São apenas três personagens. O homem, interpretado magistralmente pelo célebre diretor Dario Argento, é um pesquisador de cinema que, já em idade avançada e com sérios problemas cardíacos, escreve um livro sobre cinema e sonhos enquanto tenta reatar contato com uma amante. Sua mulher (Françoise Lebrun) é uma psiquiatra consumida pela Alzheimer. O único amparo do casal é o filho, que enfrenta problemas com drogas, falta de dinheiro e uma esposa com transtornos mentais. Enfim, um núcleo mínimo que se socorre mutuamente na medida do possível – e esse possível é quase nada.
Seguimos os passos da manifestação da demência. Françoise Lebrun tem um desempenho impressionante como a mulher perdida no labirinto de sua mente, materializado seja nos cômodos da casa, seja numa loja onde ela entra sem saber o que quer. As oscilações da memória a levam a desconhecer os parentes e destruir coisas que não podiam ser destruídas. O olhar vazio e assustado, os balbucios e os gestos sem nexo da atriz criam uma caracterização de enorme eficácia.
Vortex se avizinha de clássicos recentes sobre danos de saúde a idosos, como Amor, de Michael Haneke, e Meu Pai, de Florian Zeller. Gaspar Noé usa um dispositivo bastante explícito para realçar a solidão incontornável de cada membro da família: à exceção das duas primeiras cenas, a tela se divide em duas por todo o filme. Cada personagem é seguido por uma câmera. Mesmo que duas ou mais pessoas se encontrem próximas num mesmo recinto, a partição exprime o isolamento fundamental em que cada uma administra (ou não) o seu mundo. Privilegiando o tempo real e as simultaneidades para intensificar o efeito de realidade, cada corte é marcado por um breve escurecimento da tela.
No plano sonoro, também realista ao extremo, ouvem-se dissertações sobre luto, esquecimento ou introjeção do ente perdido, memória saudável e memória traumática, etc. Palavras essas que, soadas no ambiente da casa entulhada de livros, parecem ser ouvidas somente por nós, espectadores, como uma espécie de comentário extradiegético (fora da cena).

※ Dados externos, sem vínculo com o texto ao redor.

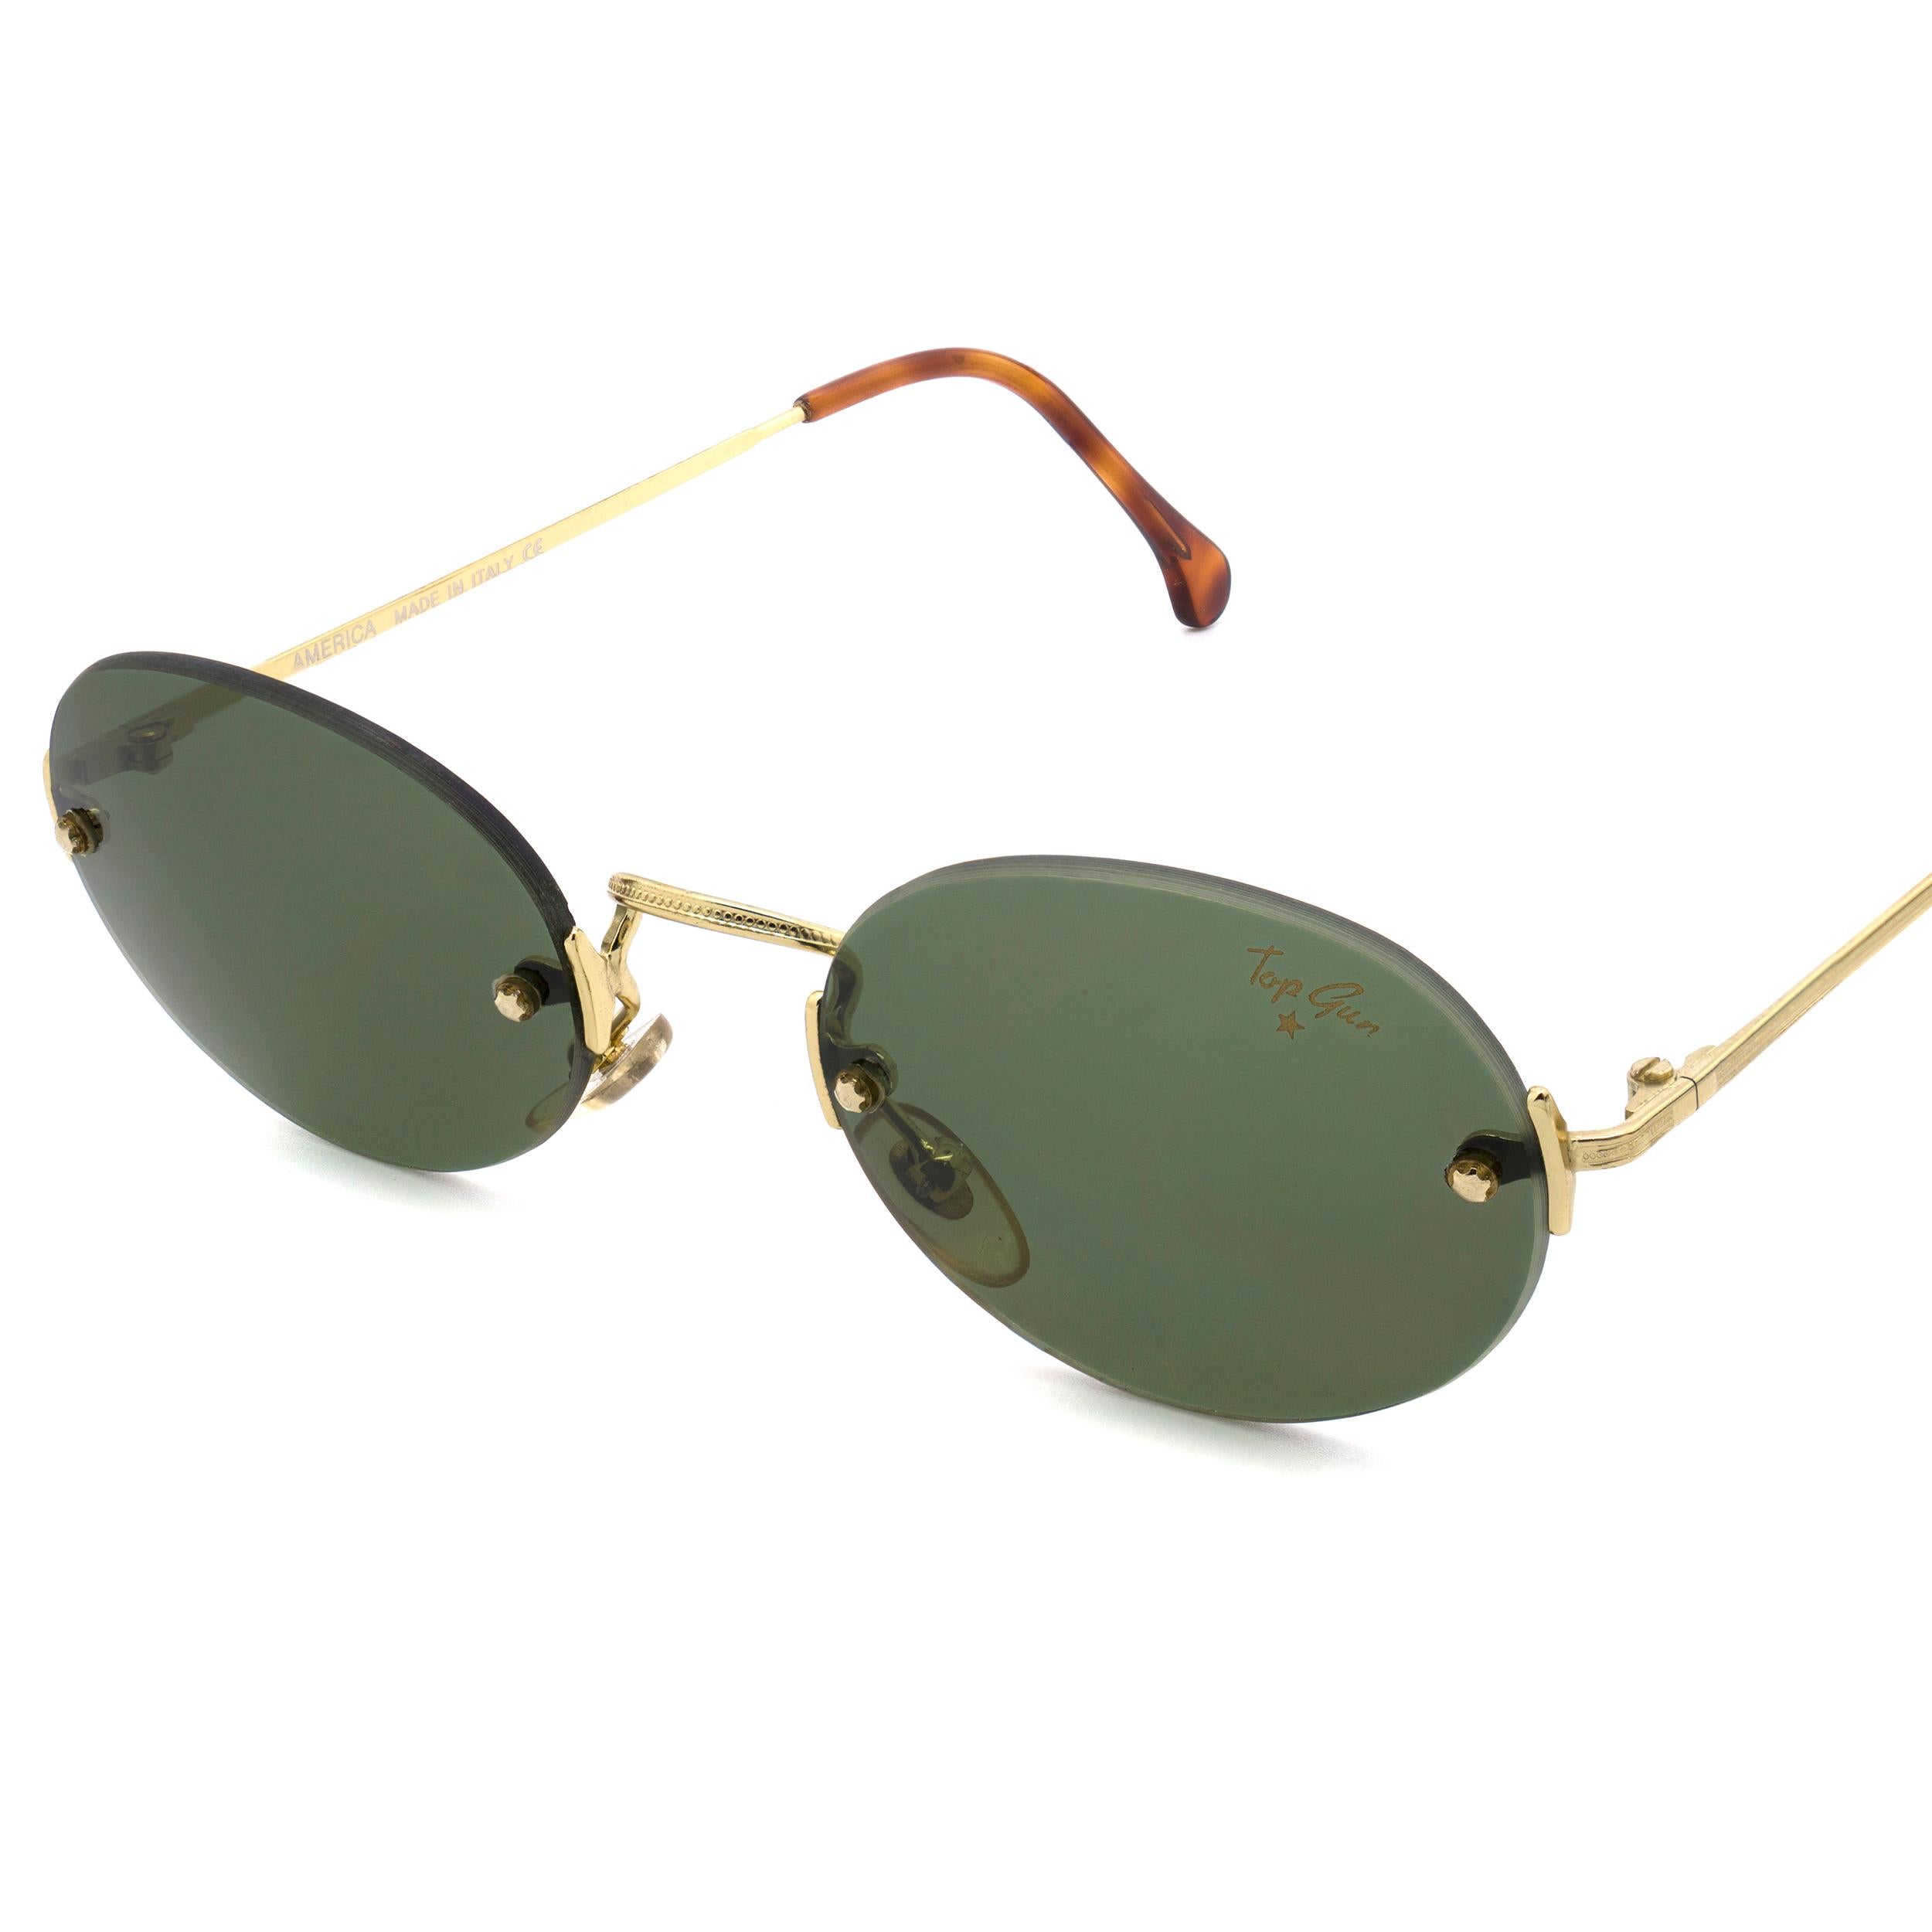 Top Gun oval rimless vintage sunglasses, Italy 90s In New Condition For Sale In Santa Clarita, CA

Conhecido pela radicalidade com que aborda seus temas, o argentino-francês Gaspar Noé (Irreversível, Viagem Alucinante, Love, Clímax) não abre margem para consolo nessa história em linha reta. A doença (física ou mental) é um vórtice que arrasta vivos e mortos ao encontro de um muro de pedra – imagem que abre e fecha o filme.
A encenação naturalista impecável, se por um lado nos faz imergir naquele pesadelo familiar, por outro pode ser vista também como uma mera exposição da fragilidade e da fatalidade. Depende de como cada um encara esse tipo de filme. De minha parte, achei essa dureza uma grande virtude.